If iTunes had some filtering mechanism (which it doesn't appear to), the ideal way might be to filter out missing files with something like: < set (volume adjustment of every track of playlist named tPlaylist whose location is not missing value) to 0 >. No go there, though.

I therefore think you may be stuck with a repeat loop - something along the lines of:

John Stewart said to just wrap the "set volume adjustment of every track of playlist to 0" in a try block, which would ignore ALL errors. But your idea is a good one. If I get the scholarship to the WWDC this year, I'll have to mention it to one of the AScript people (although I'm certain there are people on the list who are more well-connected...)

A question though: if I write:

set (volume adjustment of every track of playlist named tPlaylist) to 0

it works, but if I remove the parens to get

set volume adjustment of every track of playlist named tPlaylist to 0

It says expected end of line but found 'to'. How is AS (trying) to parse the second statement. In Enlgish, (I'd think) the appropriate (probably simplified) production rules would be {PP->P+NP, NP-> [Det]+[ADJ]+N+[PP]} where the P class is restricted to {of, whose, with without, having}, but NOT including {to}. This would mean that the parsing of the 'of every track..' PP would stop at the 'to' word (not being in the restricted set of P, and so '[PP, of every track [PP, of playlist [ADJ, named] tPlayList]]' would end there, and then the 'to 0' would hook to a higher node on the parsing tree..

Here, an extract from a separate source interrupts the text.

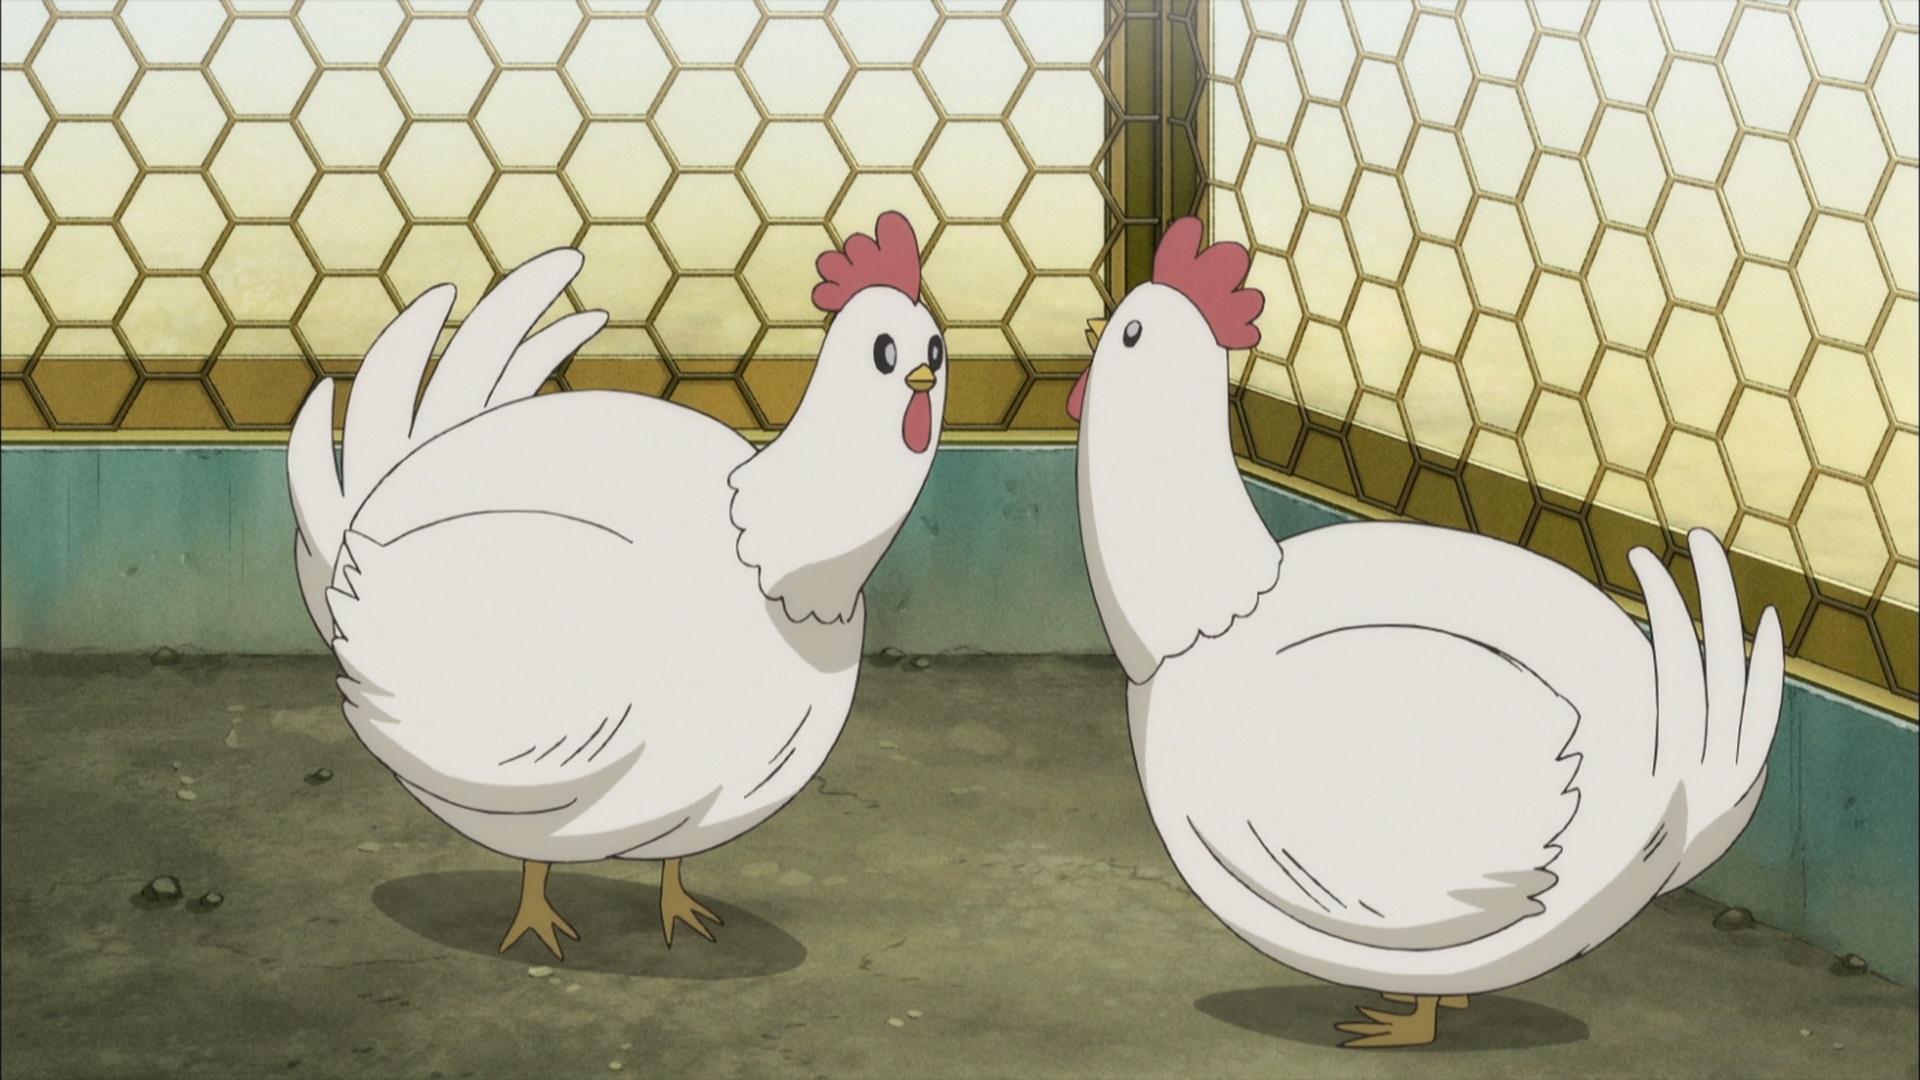 Un par de gallos se ponen filosóficos en una escena del anime de televisión Hitoribocchi no Marumaruseikatsu.

So why is the coercision (or explicit specification of the end of the string of PP's) needed?

Of course, there may very well be a situation where these simplified production rules break down, and something more complication (and probably less deterministic) would have to be used to deal with ambiguities, like a neural net of some kind, which seems a) a BIT to complicated for just AS, and b) prone to errors if it chooses the wrong parse tree.